Без четверти три примерно послышался шум внутри дома. Я тотчас изменил позу. Дверь распахнулась, и оттуда вышел, шатаясь, дон Хуан. Он держался за горло и хватал ртом воздух. Склонился на колени передо мной и застонал. Тонким жалобным голосом он попросил подойти и помочь ему. Затем он опять заорал, требуя, чтобы я подошел. Голос у него стал гортанным. Он умолял меня подойти и помочь — что-то его душило. Пополз на четвереньках, пока не оказался чуть ли не в полутора метрах от меня. Протянул ко мне руки и сказал: «Иди сюда!» Потом он поднялся. Его руки тянулись ко мне. Он, казалось, готов был схватить меня. Я ударил ногой о землю и захлопал по икре и ляжке. Я был вне себя от страха.

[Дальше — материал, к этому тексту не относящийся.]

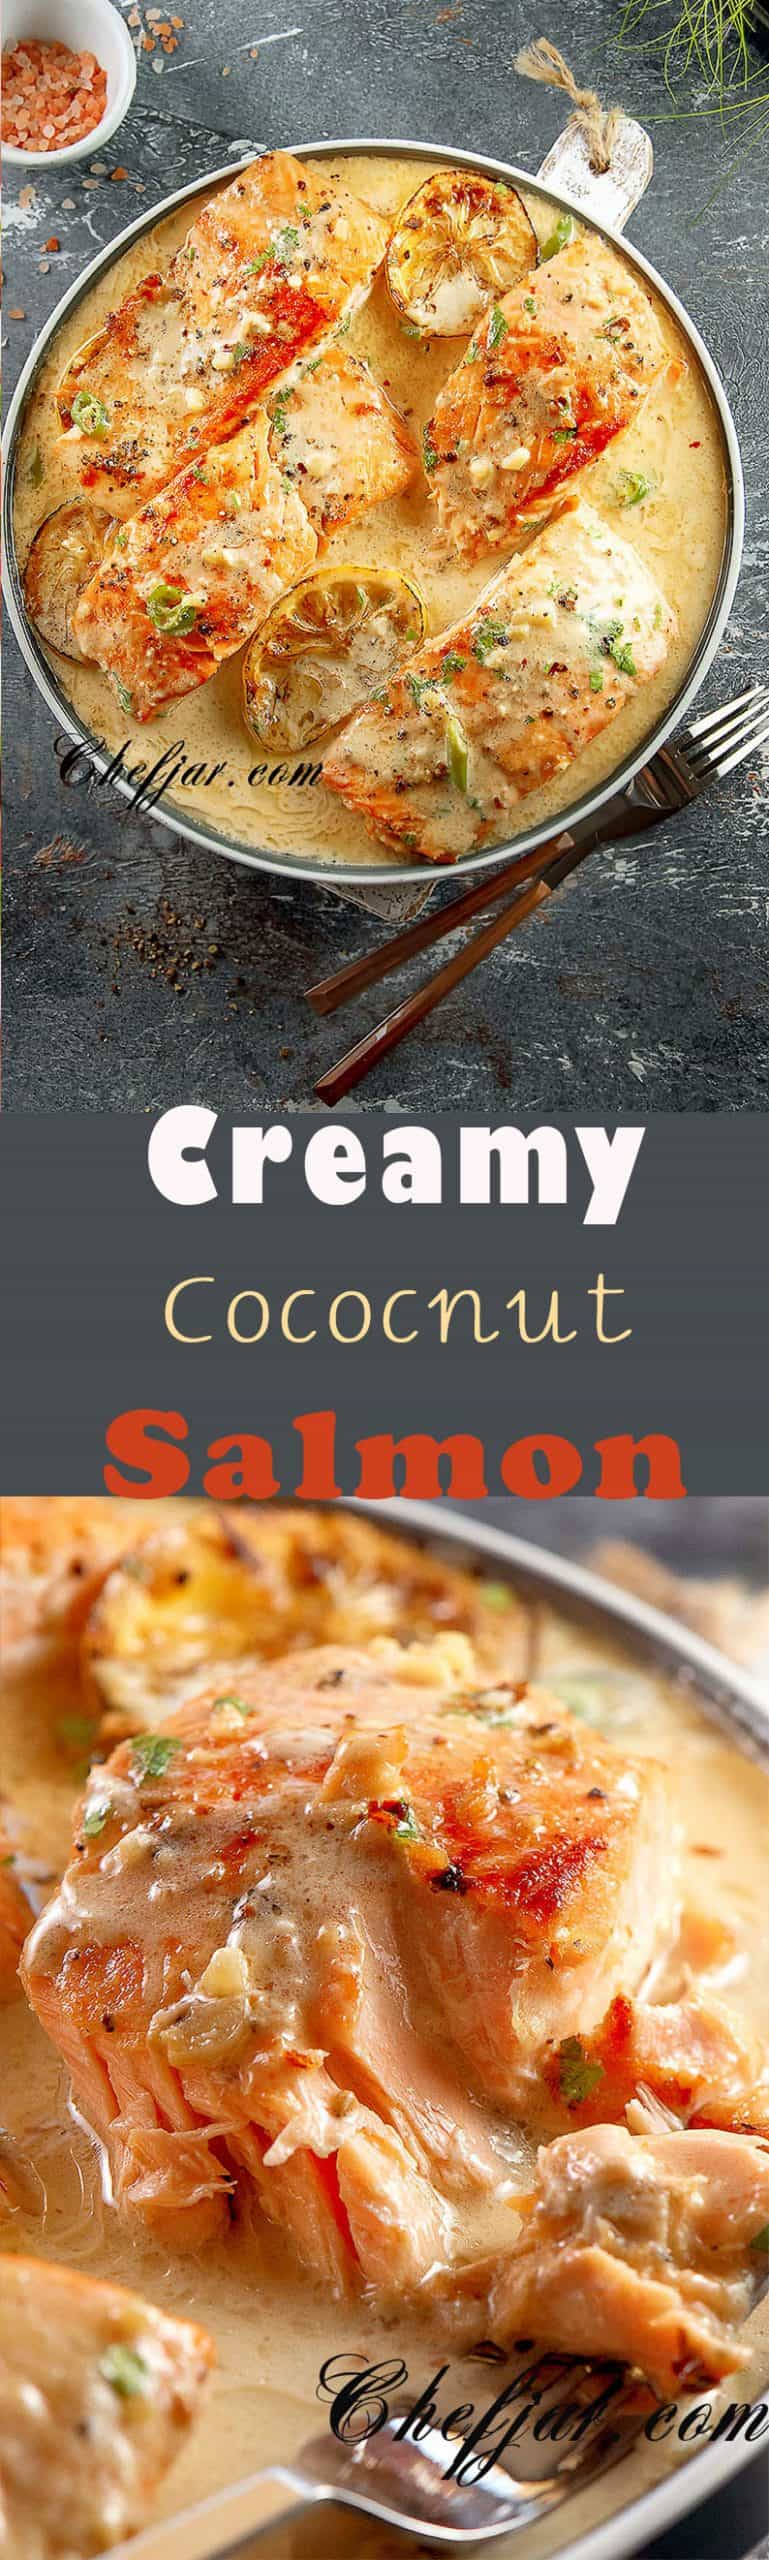 creamy-salmon-recipe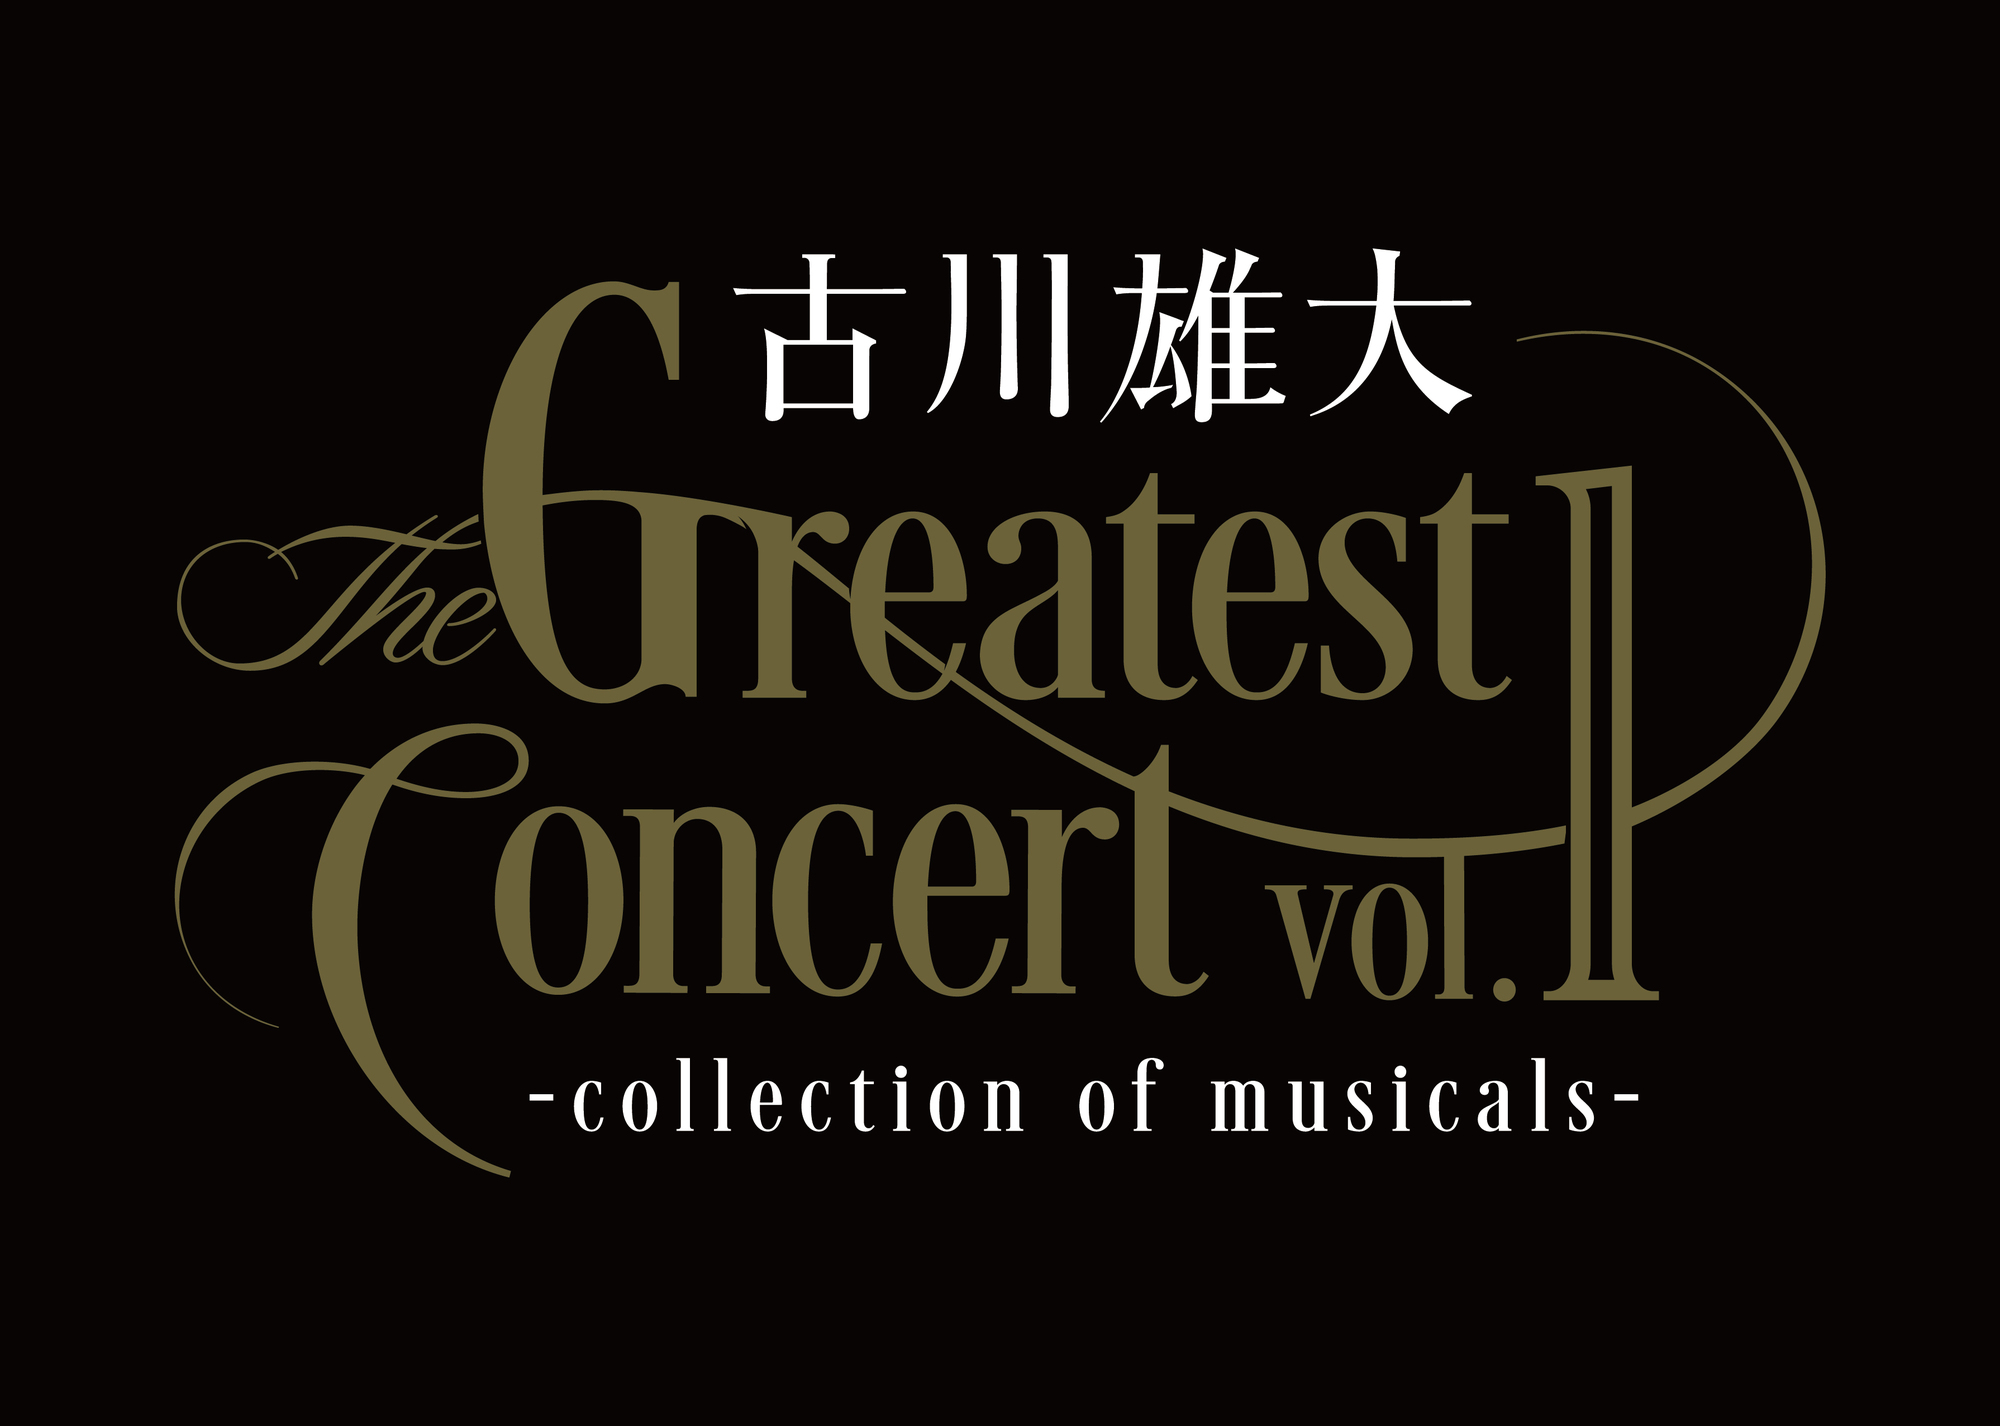 古川雄大【特典付】古川雄大 The Greatest Concert vol.1

Вдруг остановившись, он направился к углу дома и дальше в кусты. Я переменил положение, чтобы быть к нему лицом. Затем вновь уселся. Петь больше не хотелось. Казалось, вся моя энергия истощилась. Тело болело. Все мускулы были напряжены и болезненно зажаты. Я не знал, что и думать. Не мог решить, сердиться мне на дона Хуана или нет. Уже всерьез подумывал наброситься на него, но каким-то образом знал, что он смахнет меня как букашку. Я действительно хотел закричать. Отчаяние мое достигло предела — от мысли, что дон Хуан собирается все время пугать меня, я был готов зарыдать. Не было ведь никакой причины для этой актерской показухи; но его движения были столь искусны, что я совсем спутался. Не то чтобы он пытался двигаться как женщина, а наоборот — это было так, как если бы женщина пыталась двигаться как дон Хуан. Создавалось впечатление, что она по-настоящему пытается ходить и двигаться с осознанностью дона Хуана, но слишком тяжела для этого и не обладает его проворством. Кто бы ни был передо мной, выходило, как будто молодая мощная женщина пытается имитировать мягкие движения легкого и скорого старика.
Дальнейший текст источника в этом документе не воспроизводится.